For financial advisors, this means a level of depth and efficiency that transforms how services are delivered. Instead of running manual comparisons or requesting data from multiple systems, advisors can rely on agentic AI tools that aggregate, synthesize, and visualize insights in seconds. For institutions, the implications are just as profound: portfolios can be rebalanced dynamically, risk scenarios evaluated instantaneously, and compliance monitored without pause.
In this new landscape, generative AI in finance becomes something more than text generation.

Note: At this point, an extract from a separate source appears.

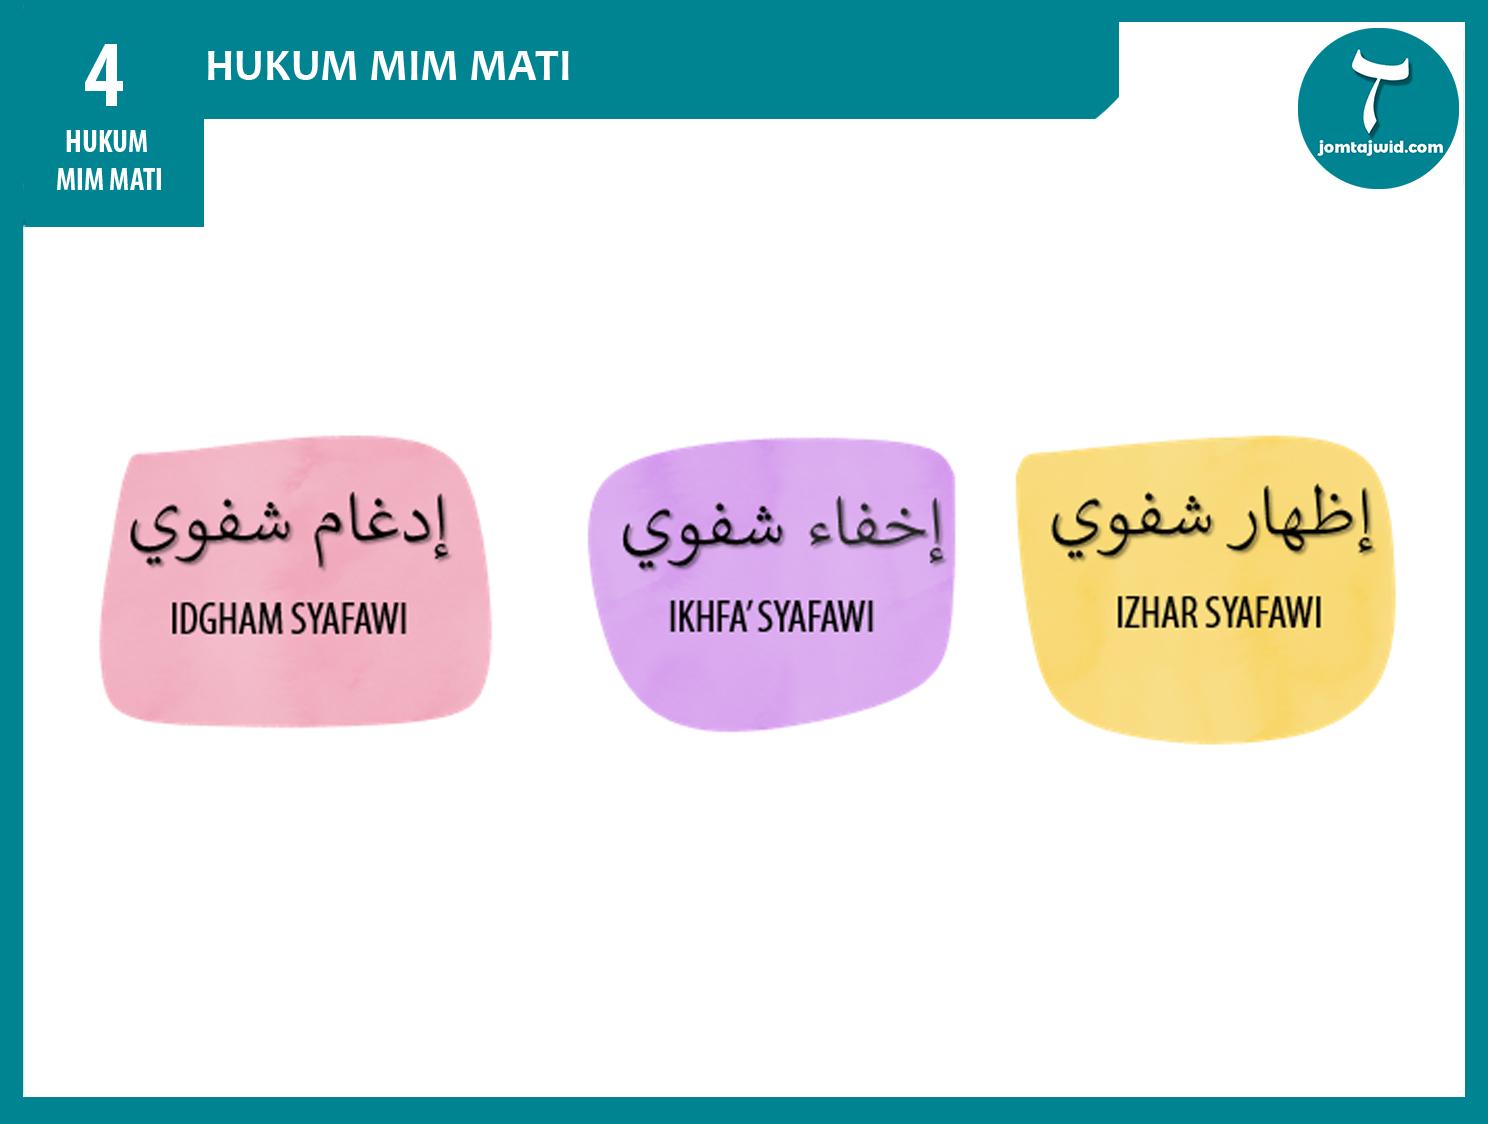 JomTajwid - Hukum Mim Mati 1 (Feature)

It becomes decision intelligence.
From chat to capability: the architecture of next-generation AI
To understand why chatbots are fading, it helps to look under the hood. Traditional AI chat models were trained to predict the next word in a sentence. They’re brilliant at mimicry and conversational finesse. But finance demands more than conversation: it demands computation, comprehension, and autonomous action.
Next-generation AI tools for finance are built differently. They blend the language prowess of generative AI with the task-oriented frameworks of agentic systems. These agents don’t just talk. They interpret real-time feeds and cross-reference disparate data sets. They can monitor portfolios, send you timely briefs and generate complex reports in seconds.
These tools are becoming central to how firms build and maintain a competitive edge. And while chatbots will continue to serve a role in user-facing interfaces, the real innovation is happening behind the scenes. And it’s agentic.
The leap from generative to agentic is akin to moving from GPS navigation to autonomous driving. One offers directions. The other gets you there.
Consider a scenario: a high-net-worth client expresses interest in diversifying into emerging markets. A chatbot might return definitions or recent articles. An agentic AI tool, on the other hand, springs into action: it evaluates the client’s existing allocations, simulates potential outcomes under different economic conditions, checks for geopolitical red flags, and prepares a tailored presentation, all without being asked twice.
What Agentic AI means for the future of finance
As institutions invest in AI for financial services, the demand is no longer for tools that talk, but for systems that think and do. The appeal of agentic AI lies in its ability to combine computational muscle with a human-like sense of context.
In the years ahead, expect to see agentic AI embedded across every layer of financial operations. Advisors will use it to model outcomes and recommend bespoke strategies. Clients will benefit from highly individualized support that evolves with their financial journeys. Regulators and compliance teams will rely on autonomous systems that flag irregularities and track audit trails in real time.
This isn’t science fiction—it’s already happening. Banks are piloting agentic frameworks to automate due diligence. Asset managers are using AI-powered research tools to scan global events and reprice portfolios instantly. Even insurers are experimenting with autonomous claims processing and dynamic policy management.
So, is chat really dead?
Not entirely. AI chat will remain a valuable gateway, a friendly front-end for users to access complex systems. But in the back office, in the decision layers, and in the strategy rooms, agentic AI is taking over.
The financial world doesn’t need more conversation. It needs clarity. It needs action. And agentic AI is uniquely equipped to provide both.
In this new chapter of AI in finance, we're not just replacing human tasks – we're elevating human potential. With next-generation AI tools at our side, we can make financial systems more personalized, more responsive, and ultimately more human than ever before.